Opinion #deeptech
Read time: 04'04''
11 May 2022
Stop being precious about building data infrastructure tools
Unsplash © Matt Artz

Stop being precious about building data infrastructure tools

Most startup founders will agree that having a first-mover's advantage by reducing time to market is an essential part of their long-term success strategy.

One of the best ways to reduce the time to market is to buy, not build, the tools needed to augment the productivity of your team.

In theory, most founders and CTOs understand this concept. The advent of GitHub eliminated the need for internal version control tools. Stripe made building internal payment infrastructure a thing of the past. And no one constructs internal messaging tools or email lists anymore– why bother, when you can purchase Slack?

And yet, many AI-focused startups continue to build their data infrastructure in-house. They think that their use case is special and specific, so it requires in-house tools, and they must hire a team of software engineers to build them.

Trust me, it isn’t, and you don’t.

Building an internal data system takes months. It lengthens the time it takes to get to market, and the result won’t give you an edge over competitors.

With the increase in the accuracy of machine learning models and the decrease in computing power, an AI-focused startup’s main competitive advantage comes from having access to, and training their model on, an abundance of real-world data. Getting to market quickly means getting access to a greater amount of data. Access to that data will improve your model, and that’s what gives your product a competitive edge.

In just the past few years, the data infrastructure software market has expanded tremendously, making it rarely necessary for software engineers to build tools in-house.

AI-focused startups still have a tendency to want to build tools in-house, but, ultimately, using in-house tools will waste valuable engineering resources that can be better spent getting your machine learning model ready for the market.

The attachment to in-house tools

 Not long ago, everything had to be built from scratch, and purchasing data infrastructure solutions from an external vendor wasn’t really an option.

As a result, many AI application companies founded in the late 2010s run on legacy infrastructure – not because it’s a good business decision but because they’ve already paid for the infrastructure’s development. The thinking goes that they built the tools, the tools work for their current use case, and to discontinue use of the tools would be a waste of money.

Welcome to the sunk cost fallacy.

This short-term thinking fails to factor in the spending required to maintain a custom infrastructure and the costs of extending that infrastructure should a new use case arise. From a business standpoint, building in-house tools comes with the additional risk that the team members who built the tools often have the institutional knowledge needed for their upkeep. If they leave, that knowledge leaves with them.

Building internal systems is challenging, their upkeep is costly, and often they don’t meet the needs of the end users. Believe me, I would know. For years, I worked at large financial services institutions. These companies hired top quality engineering teams and spent billions of dollars each year on their internal technology systems. And you know what? Their internal systems still suck.

These days, there’s often a product on the market that is cheaper and orders of magnitudes better than an in-house tool. Just because something was done a certain way, doesn’t mean we should continue to do it that way. In-house tools were the best solution of their time, but that time has passed.

Put your focus on the product 

At their core, most AI-focused companies focus on building machine learning models that can derive valuable insights from data. To get their products to market, these companies must train the model on data until it can make accurate predictions about never-before-seen data. All of the preparation required to train a model– cleaning data, making raw data readable, managing the data pipelines– falls within the remit of a data engineer.

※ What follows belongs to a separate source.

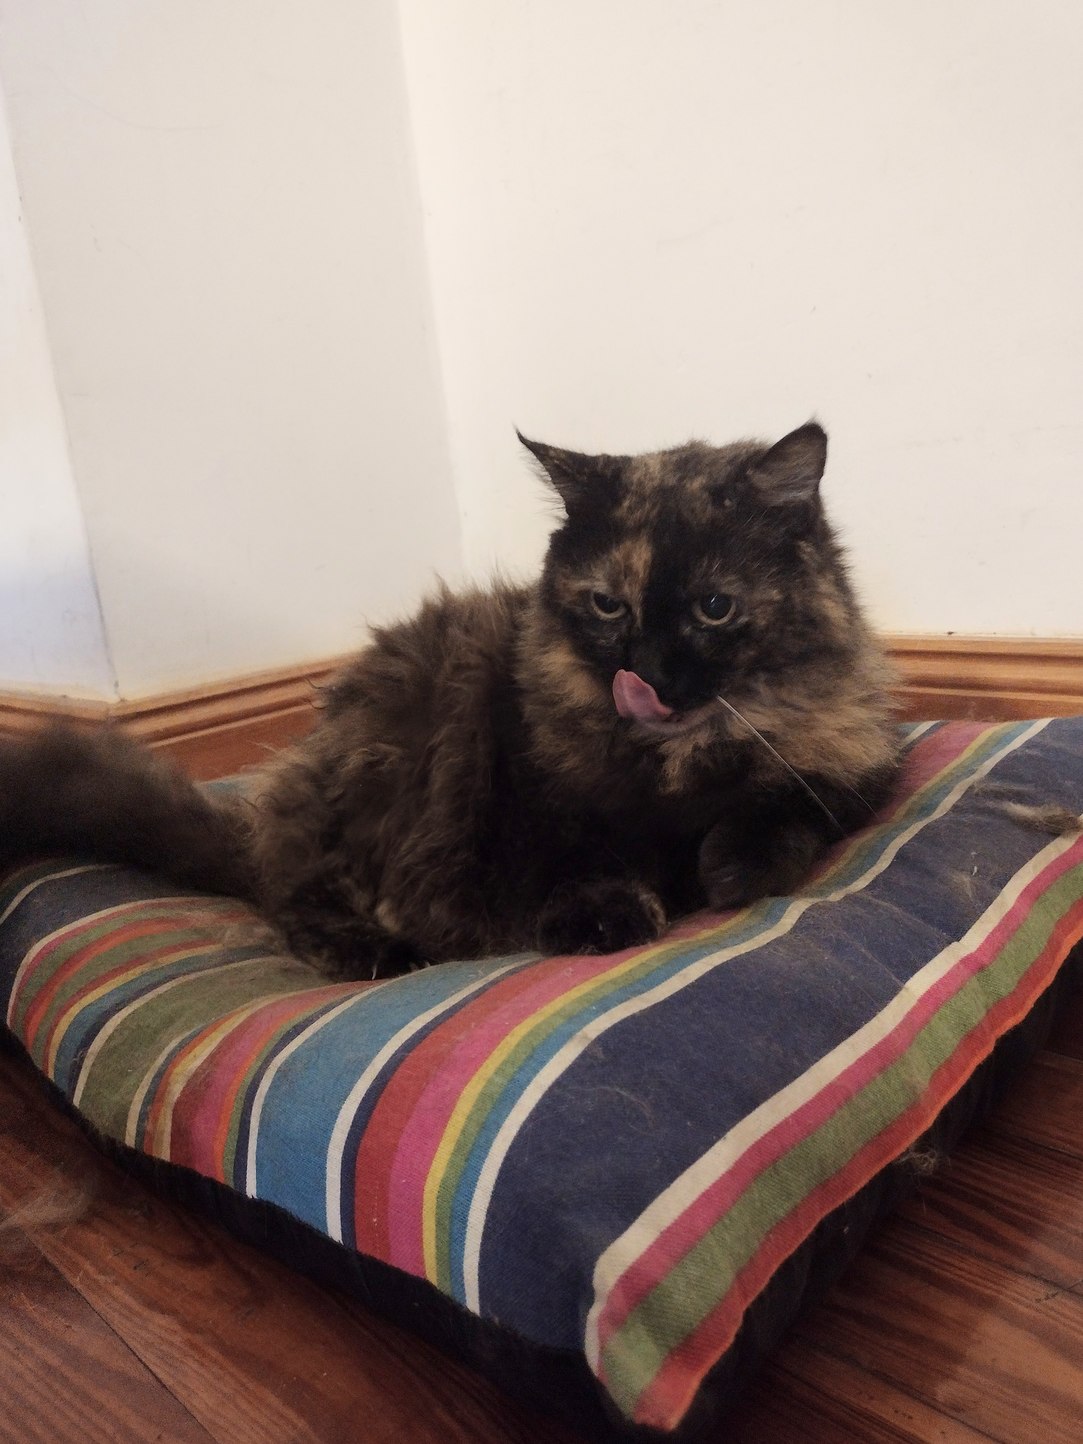 Gato reveal PD: pesa 10 kilos, es hembra, raza tortoiseshell, castrada - meme

A good data engineer is a costly but worthwhile investment. However, to get the most for their money, companies need to ensure that engineers have the best tools available so that they can work effectively and efficiently.

Often, software engineers don’t build in-house tools with the data engineers in mind, so these tools don’t meet their day-to-day needs. Working with suboptimal tools means that data engineers have to waste time on low value activities (such as writing parsers to transform one data format to another or learning Javascript and Django for web development tooling) and troubleshooting infrastructure problems. These distractions limit their ability to focus on product improvements.

As a startup founder, I want my engineers to focus on our product, and I aim to allocate our engineering resources to making our product better. I have no interest in our team spending their time building in-house tools when we can purchase solutions to problems we encounter.

Recently, our developers need to figure out a way to replicate errors in our front-end code base. It’s a complex problem, and solving it would enable us to better serve our customers. After a few months, we decided that we’d have to build some in-house infrastructure for this task.

Fortunately, around that time, we also hired a new front end engineer, who casually told us that his previous employer had used a software called Rollbar to solve the same problem.

Purchase made. Problem solved.

Building that tool would have been a catastrophic waste of time because it would have taken significant resources and limited our capacity for focusing on more important product-related issues.

Only a few years ago, external solutions weren’t available for most data engineering issues. Now, software stacks are popping up every day, offering specialized solutions, so make the smart decision and don’t be precious about building and using in-house tools.

Ulrik Stig Hansen is the co-founder of Encord. He has been coding since he was 14. He started his career in emerging market rates and FX at JP Morgan. He holds a M.S. in Computer Science from Imperial College London.